Application to Alzheimer’s disease genetic studies
Alzheimer’s disease (AD) is the most common cause of dementia among people over the age of 65, affecting an estimated 5.5 million Americans. To study genetic risk and to identify molecular mechanisms of AD, we applied the proposed method to summary statistics from ten overlapping large-scale array-based genome-wide association studies, and whole-exome/-genome sequencing studies from 2017-2022. The details are described in the Methods section. We used LD matrices estimated using the Pan-UK Biobank data.26 We restrict the analyses to directly genotyped common and low-frequency variants with minor allele frequency >1%.
We propose a meta-analysis strategy that adaptively estimates weights to combine the ten studies allowing for sample overlap, as described in the Methods section.
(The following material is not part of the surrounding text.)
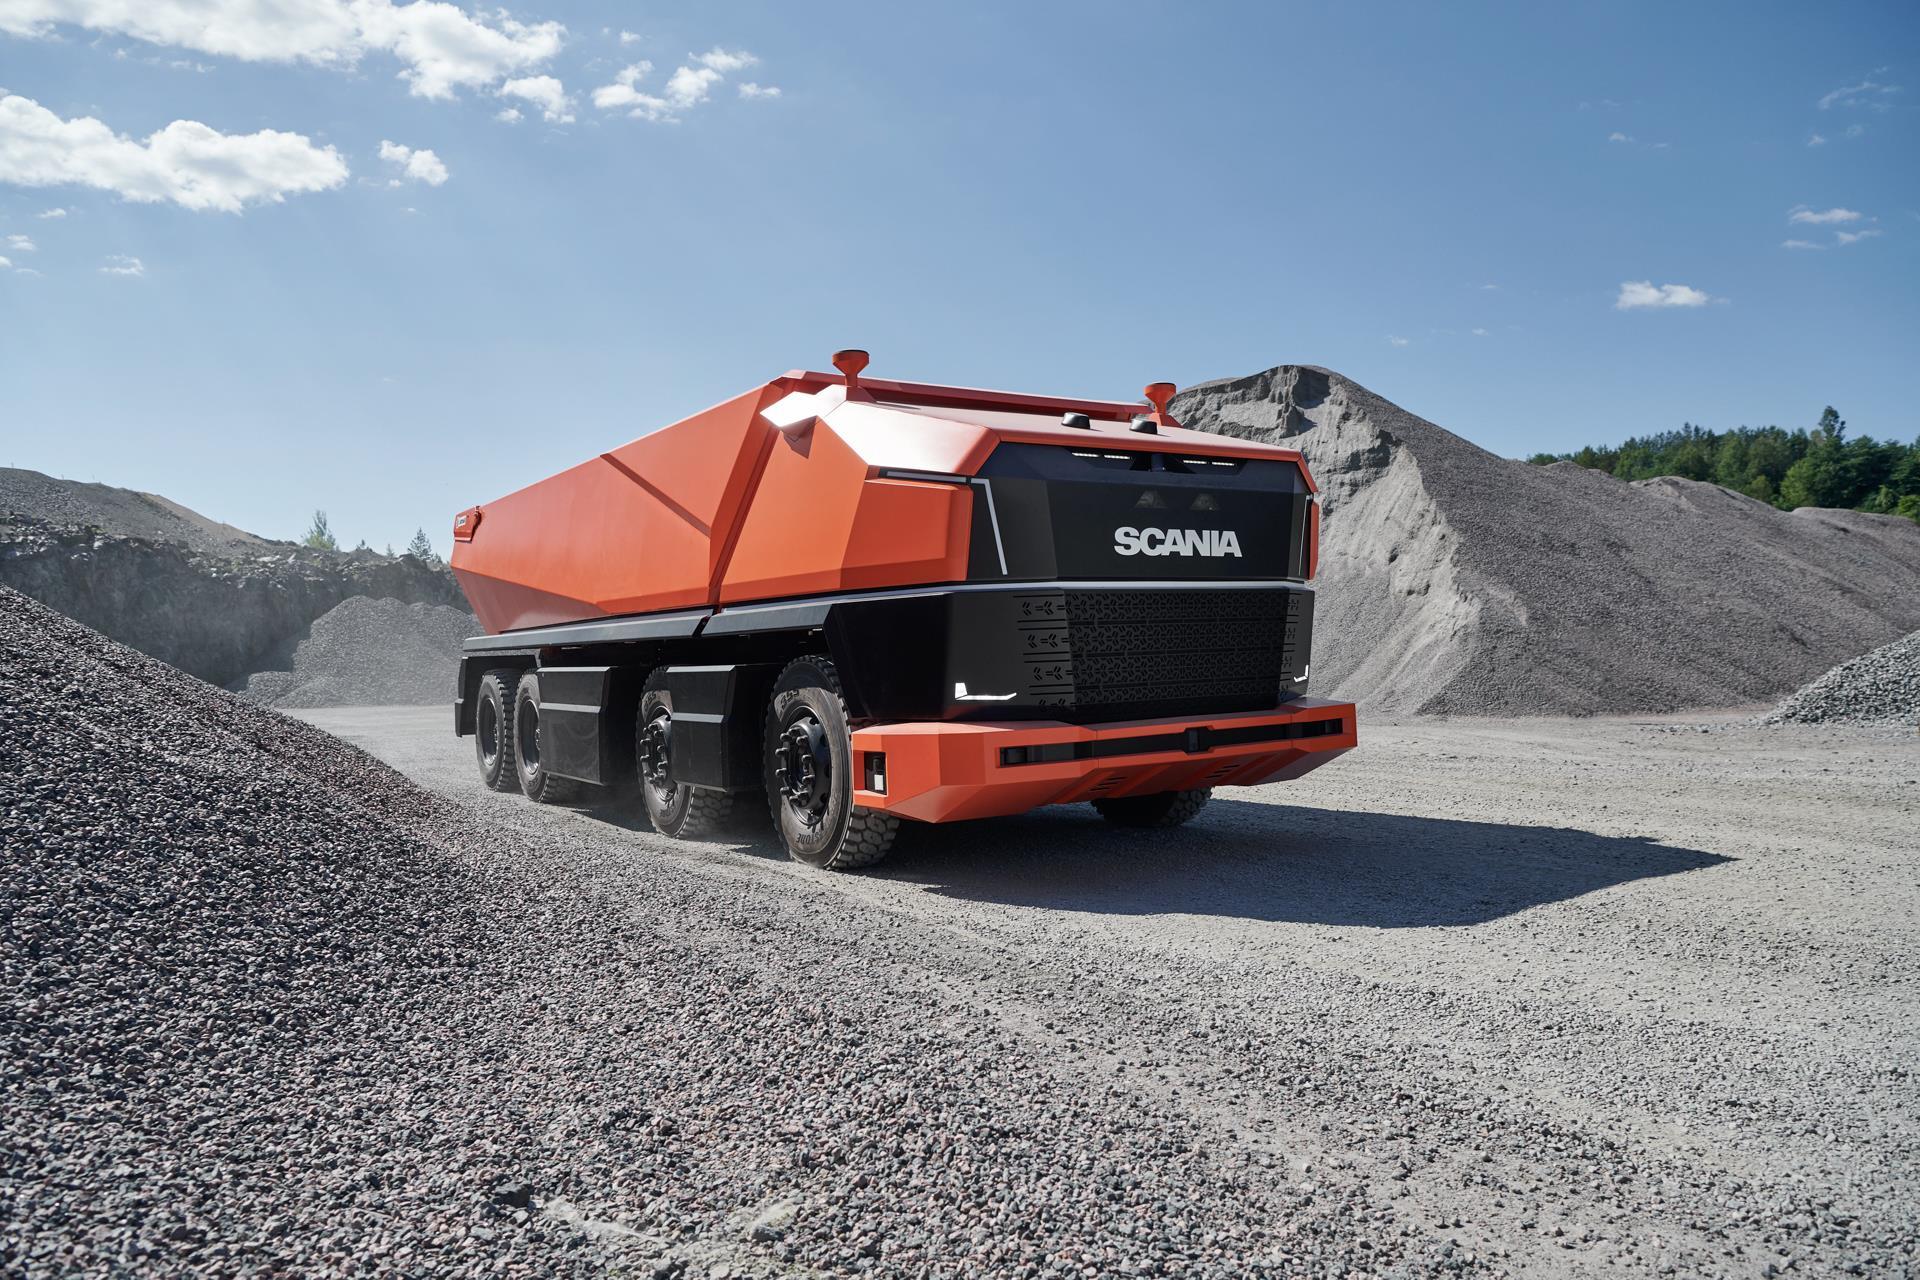 Scania Axl Autonomous Truck Was Created Cabless Article

The meta-analysis Z-scores serve as the input of the proposed method. We present the estimated study correlations and the estimated optimal weights in Figure 2. The correlation results are consistent with our knowledge of overlap and other factors, such as differences in phenotype definition, analysis strategies, and quality control. Similarly, the weighting scheme up-weighted studies that are large in size and carry independent information, and down-weighted studies that largely overlap with others. Notably, the three major AD genetic studies, Jansen et al. 2019, Schwartzentruber et al. 2021 and Bellenguez et al. 2022, are estimated to have larger weights compared to the other studies which were integrated into the three meta-analyses.27–29 In addition to the meta-analysis, we applied the method separately to summary statistics from the three major AD genetic studies for comparison. We present the main meta-analysis results as a Manhattan plot in Figure 3. The Manhattan plot for conventional GWAS meta-analysis is in Supplementary Figure 2. We define two loci as different if they are at least 1Mb away from each other, where each locus may contain one or multiple sets of putative causal variants with conditionally independent effects. We adopt the most proximal gene’s name as the locus name, recognizing that it is not necessarily the causal gene.
Figure 2: Study design.
Our analysis of Alzheimer’s disease genetics is an aggregation of ten possibly overlapping studies from 2013 to 2022. Left panel: estimated study correlations; For each study, we present sequencing technology and sample size. Right panel: estimated adaptive combination of studies; studies with larger sample size and less correlation with other studies have larger weights. Each bar presents the weight per study in percentage, i.e. weight per study divided by the summation of all weights.
Figure 3: Meta-analysis of Alzheimer’s disease genetic studies.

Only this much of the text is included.